**Available data:**
◆ ◆ ◆ ◆ ◆ ◆ ◆

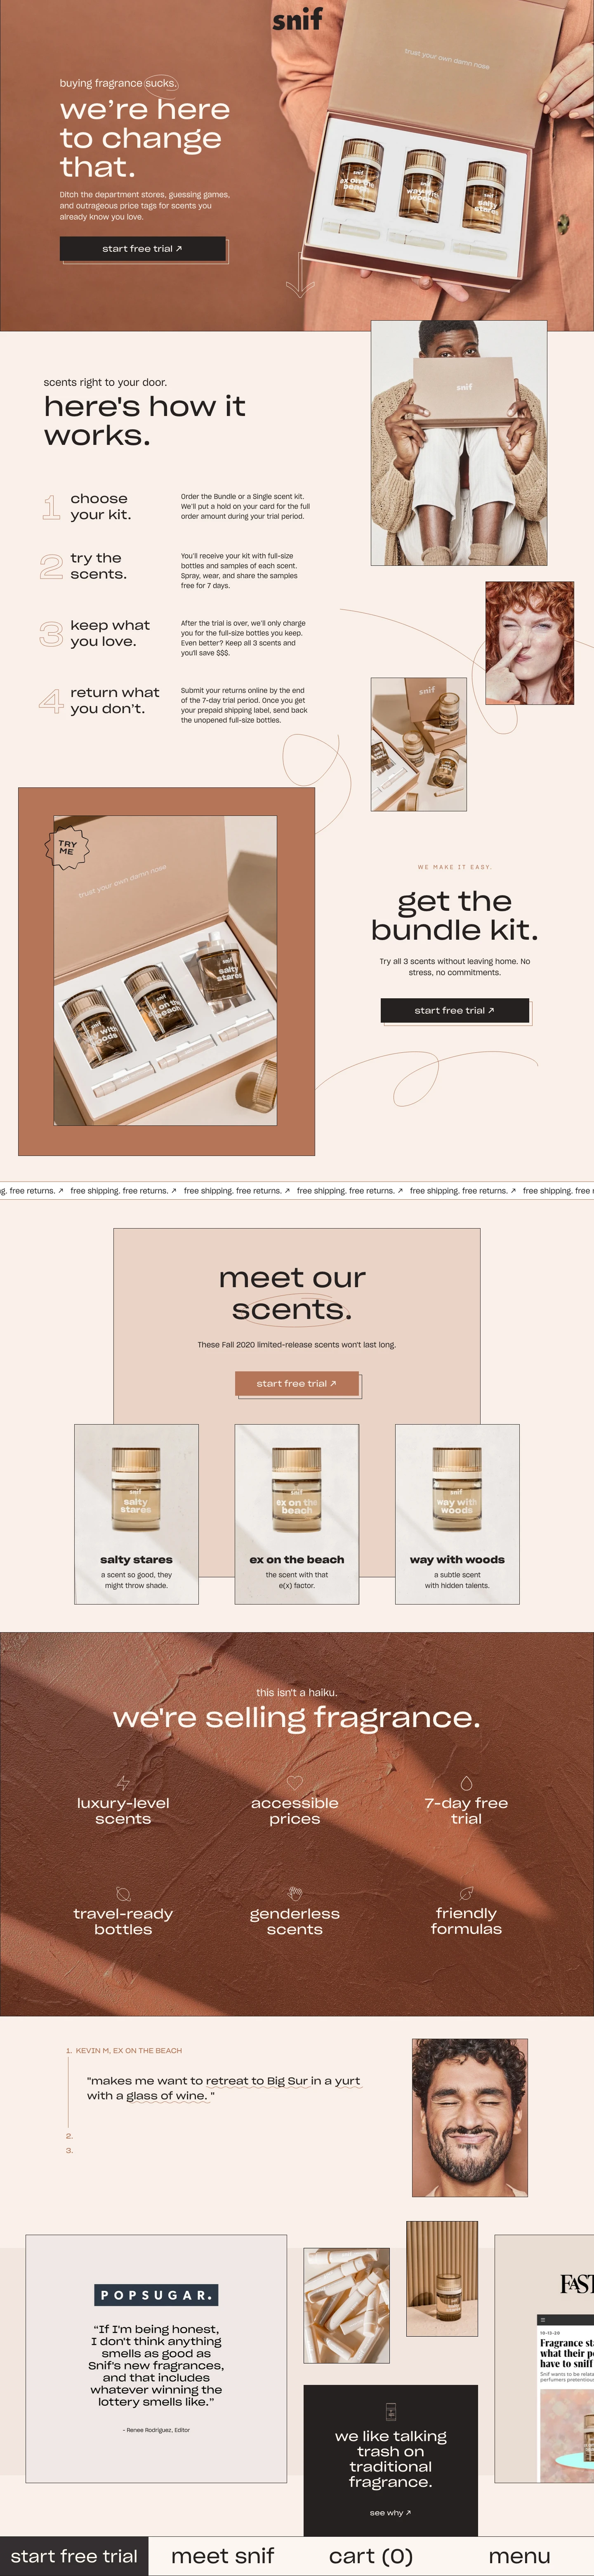 snif Landing Page Example: Buying fragrance sucks. We’re here to change that. Ditch the department stores, guessing games, and outrageous price tags for scents you already know you love.
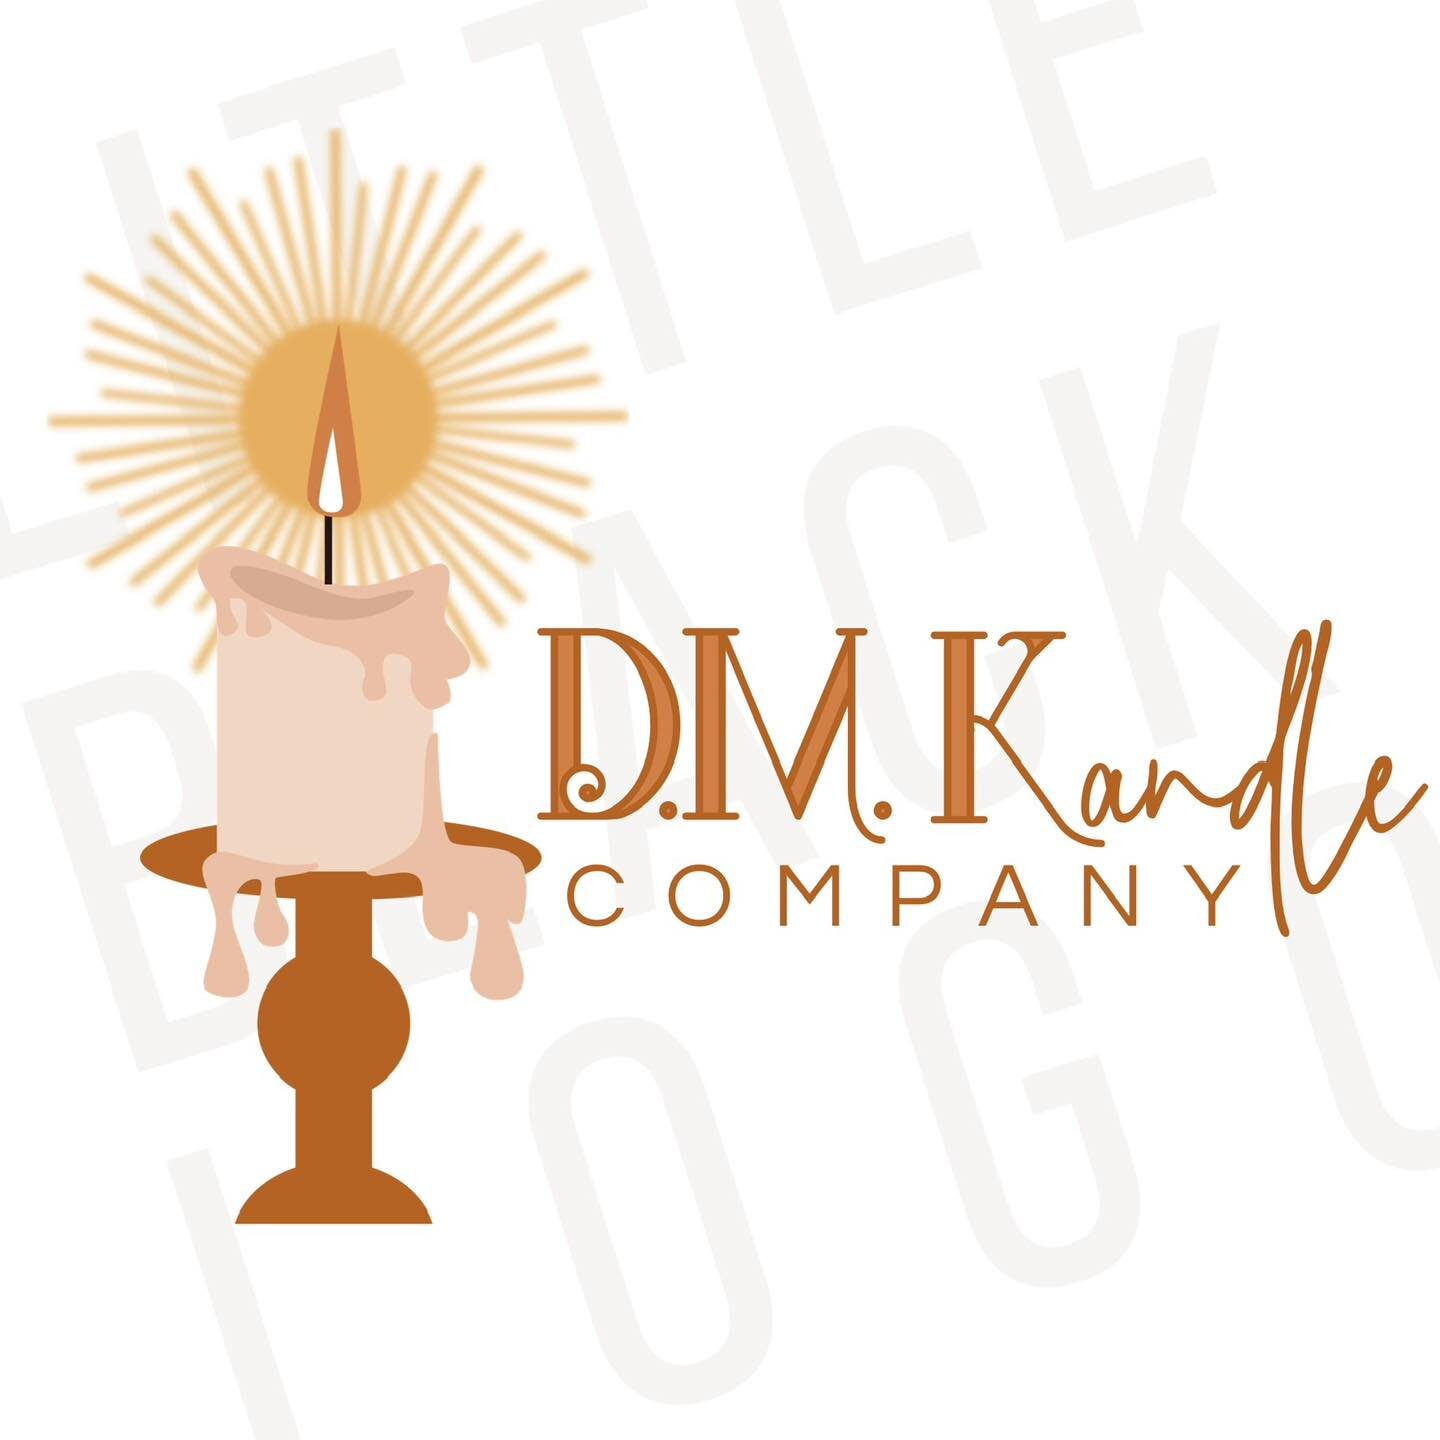 Our LAST #LogoRedesign before voting begins TONIGHT! 

I wanted to use warm colors for this brand. There is just something about a candle that was warm and cozy and inviting! These rich warm tones help set that mood. 

These colors plus the fun and e

◆ ◆ ◆ ◆ ◆ ◆ ◆

**What is required:** Omitting the images, copy the listing exactly.

**Worked solution:**
 snif Landing Page Example: Buying fragrance sucks. We’re here to change that. Ditch the department stores, guessing games, and outrageous price tags for scents you already know you love.
 Our LAST #LogoRedesign before voting begins TONIGHT! 

I wanted to use warm colors for this brand. There is just something about a candle that was warm and cozy and inviting! These rich warm tones help set that mood. 

These colors plus the fun and e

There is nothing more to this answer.